- **INFORMATION SHOWN**
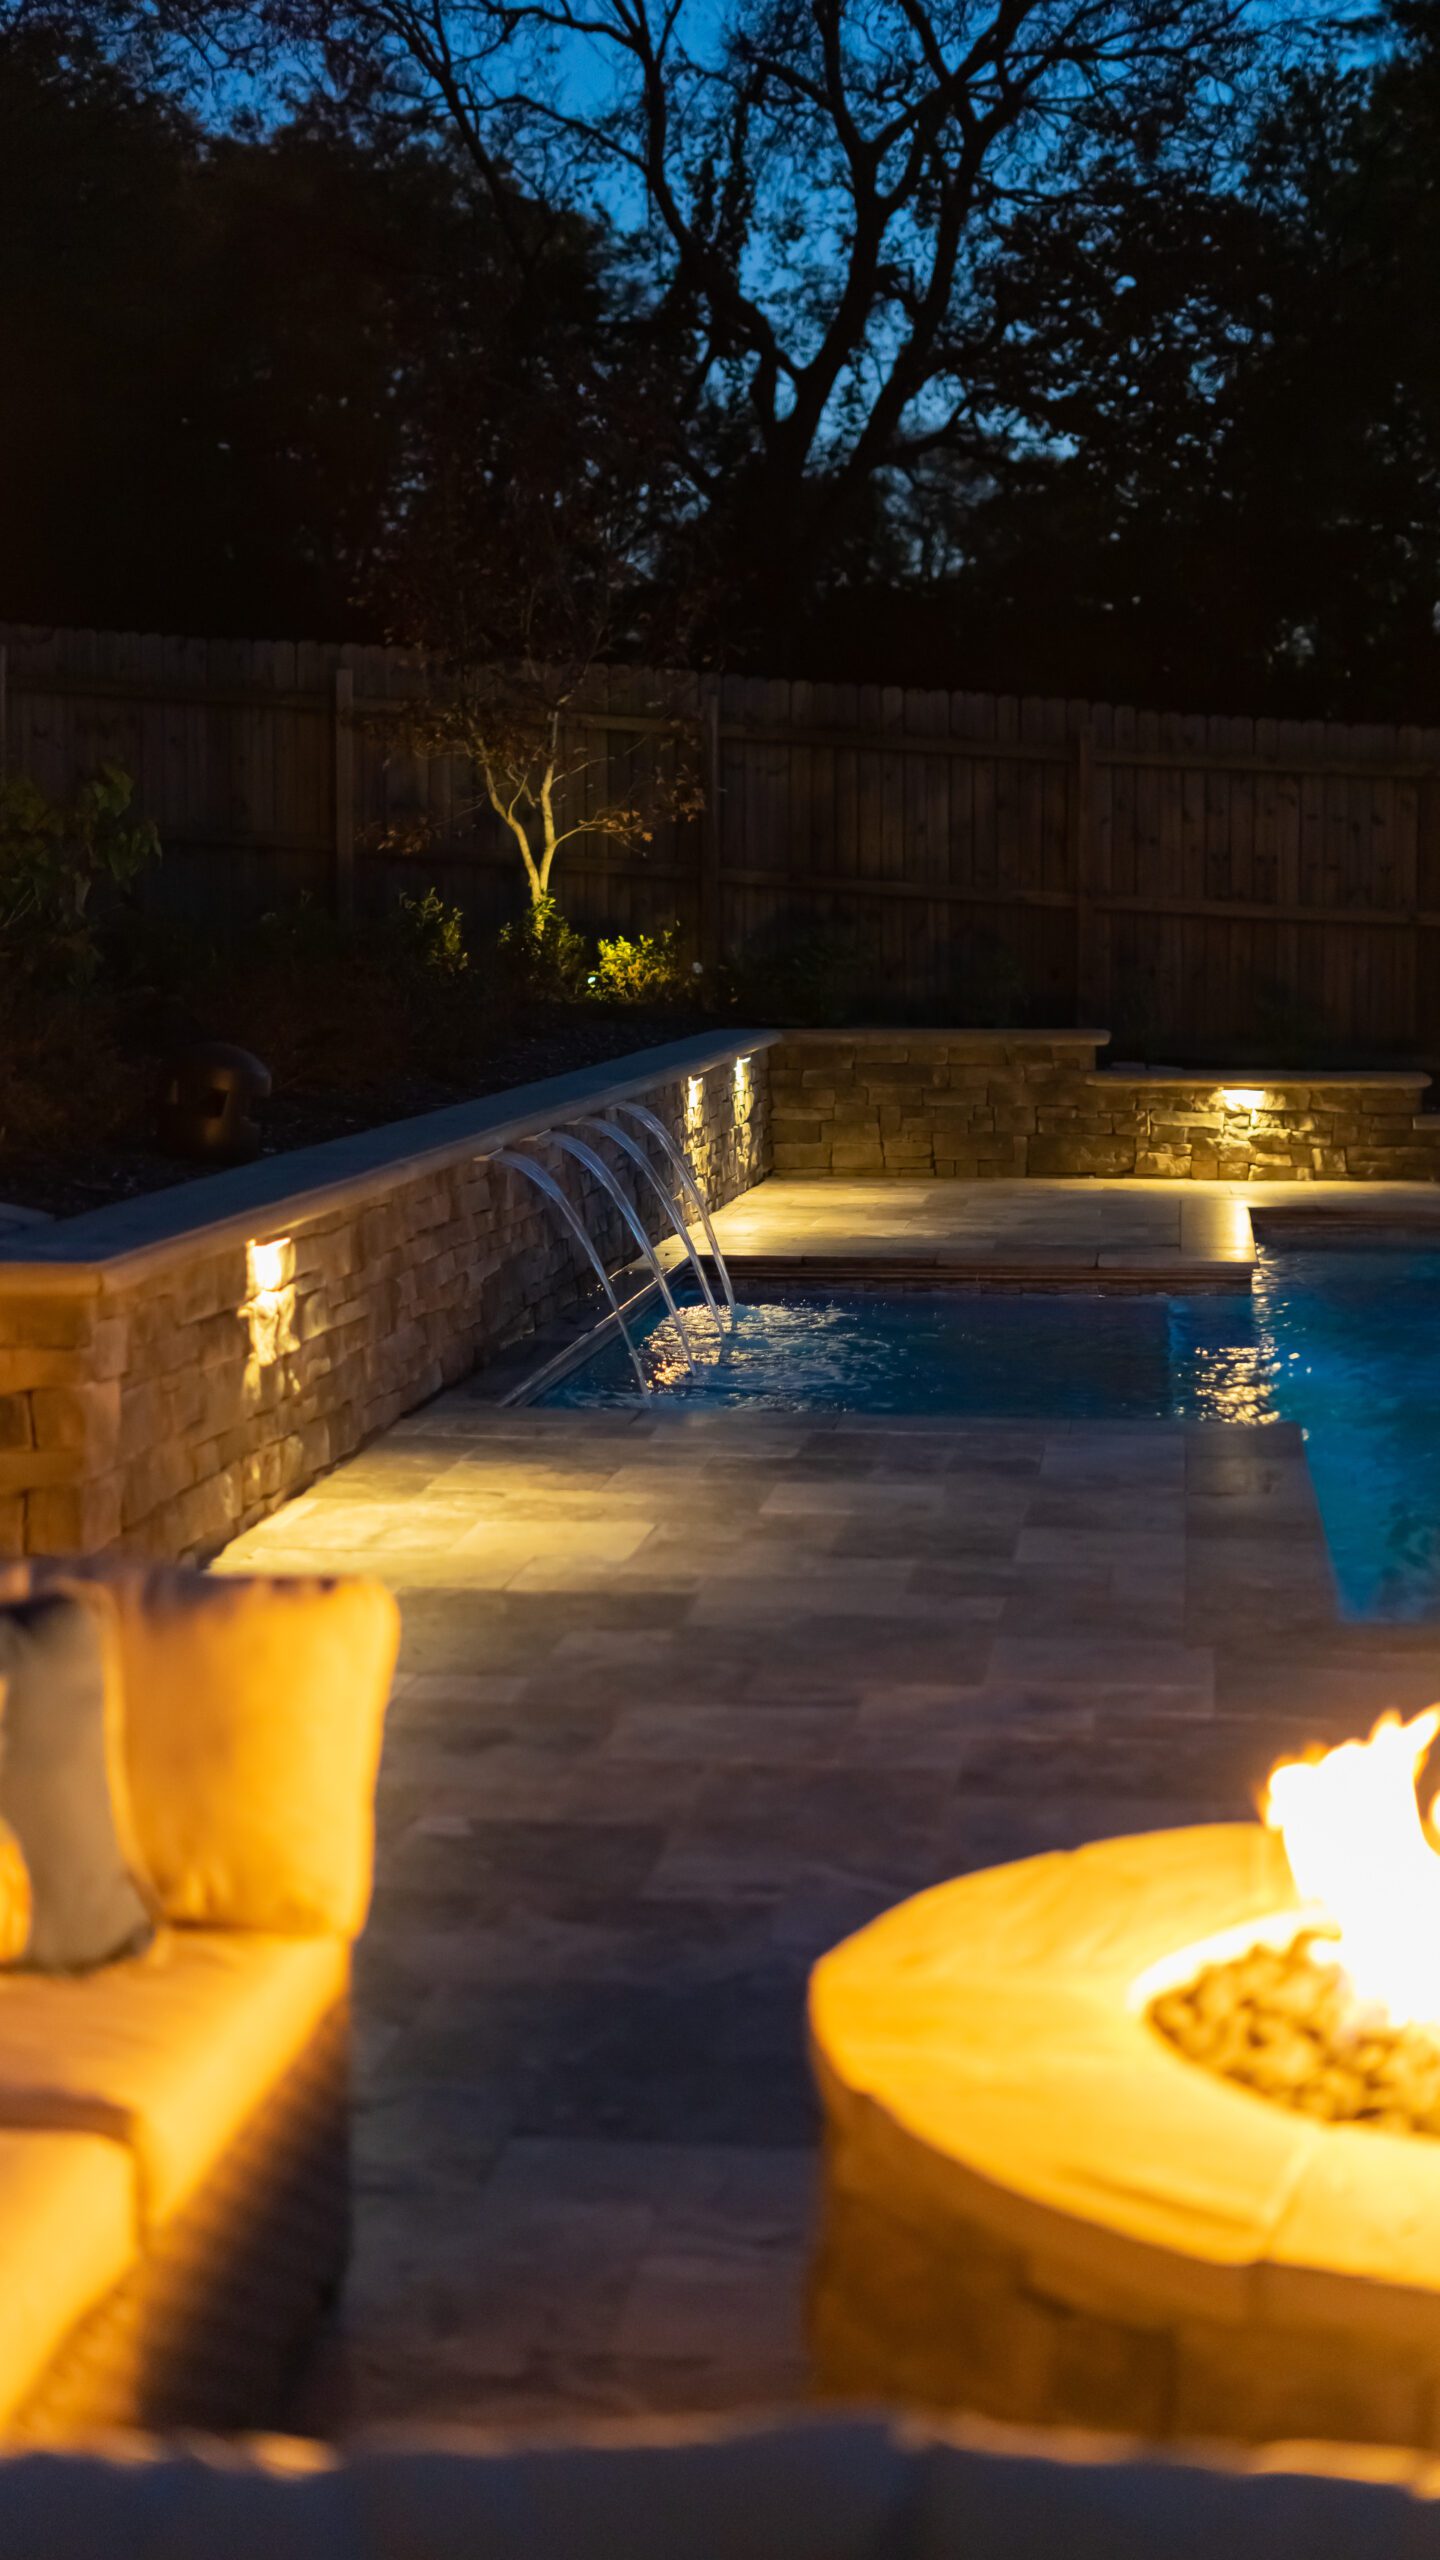 Pool lighting installed by general contractors in Nashville, TN
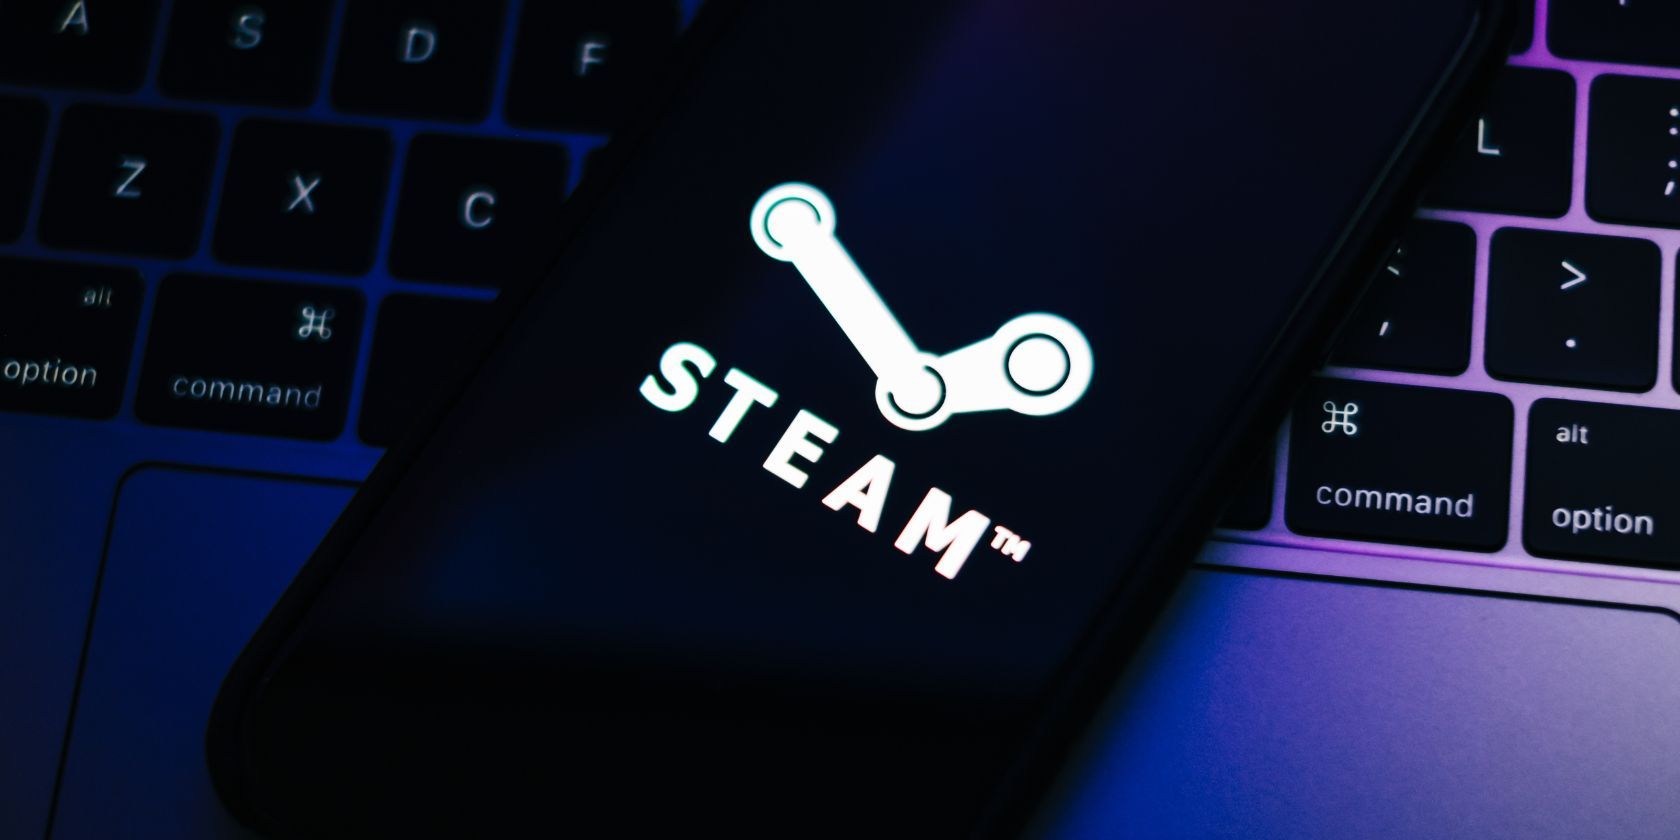 steam app on a smartphone
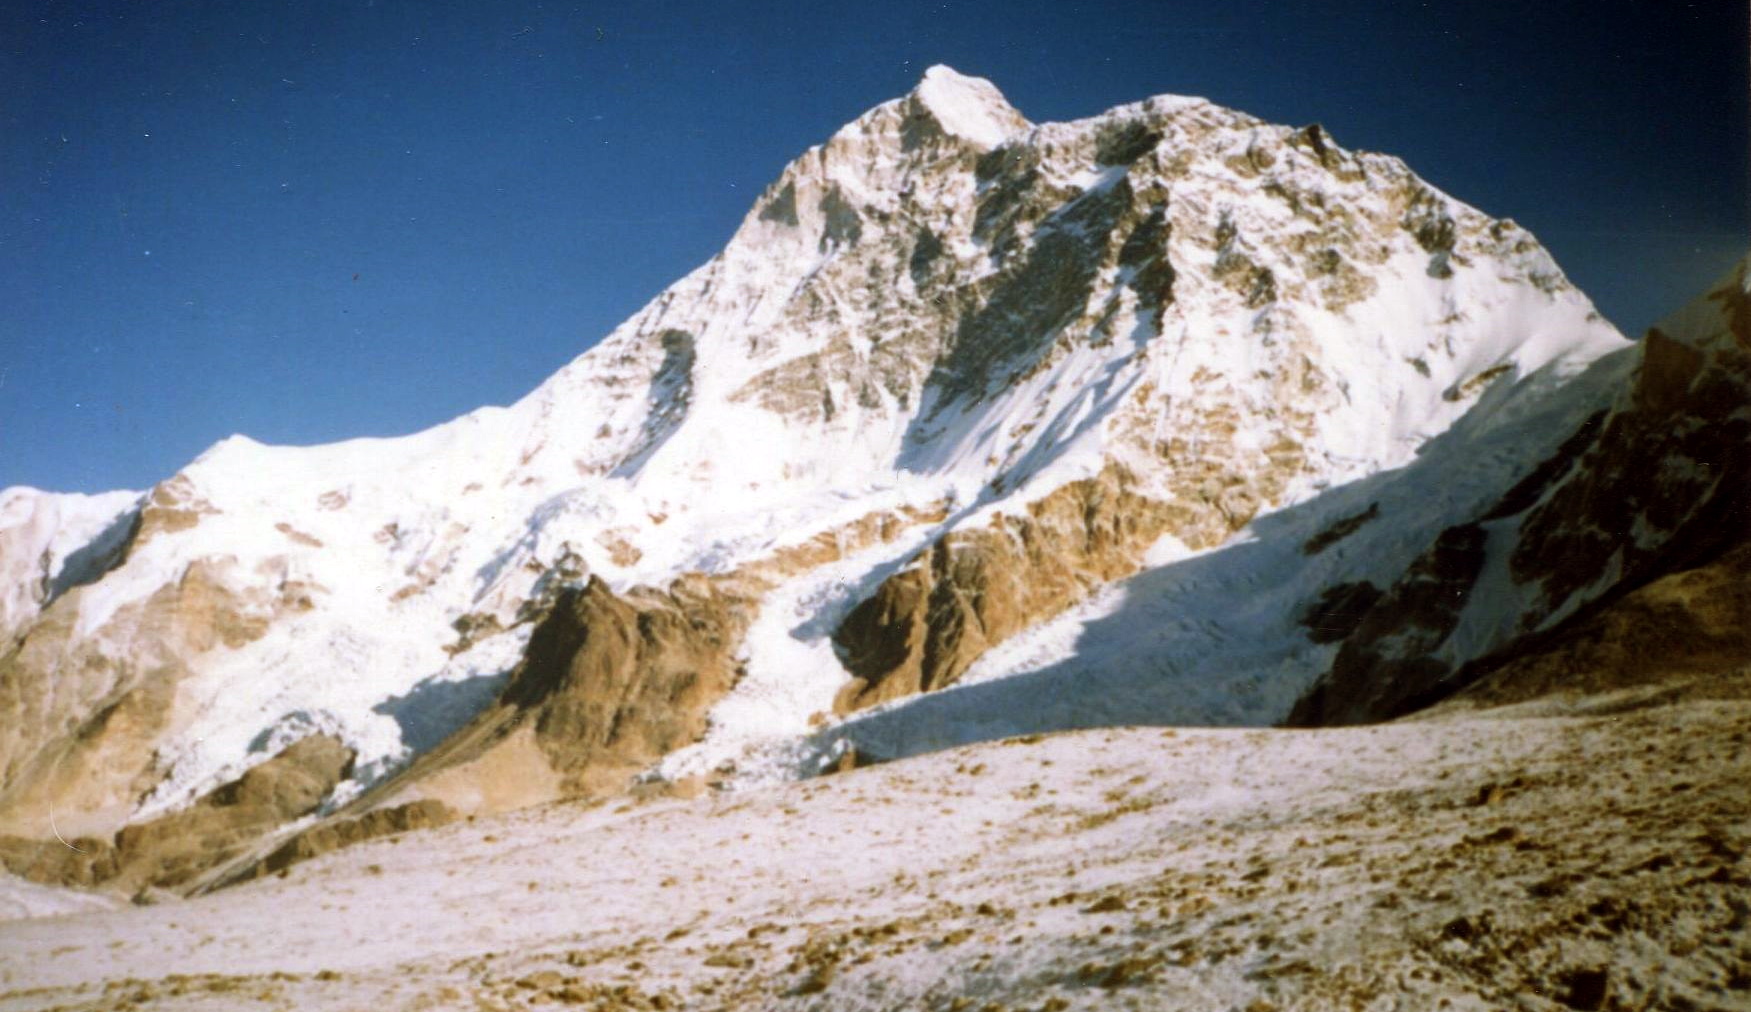 Mt.Makalu from above Shershon in the Barun Valley

- **YOUR INSTRUCTIONS**
Retype the lines starting with the one that holds "steam app on a smartphone" and ending with the last line of the data above, both included; skip the pictures.

- **EXPECTED ANSWER**
 steam app on a smartphone
 Mt.Makalu from above Shershon in the Barun Valley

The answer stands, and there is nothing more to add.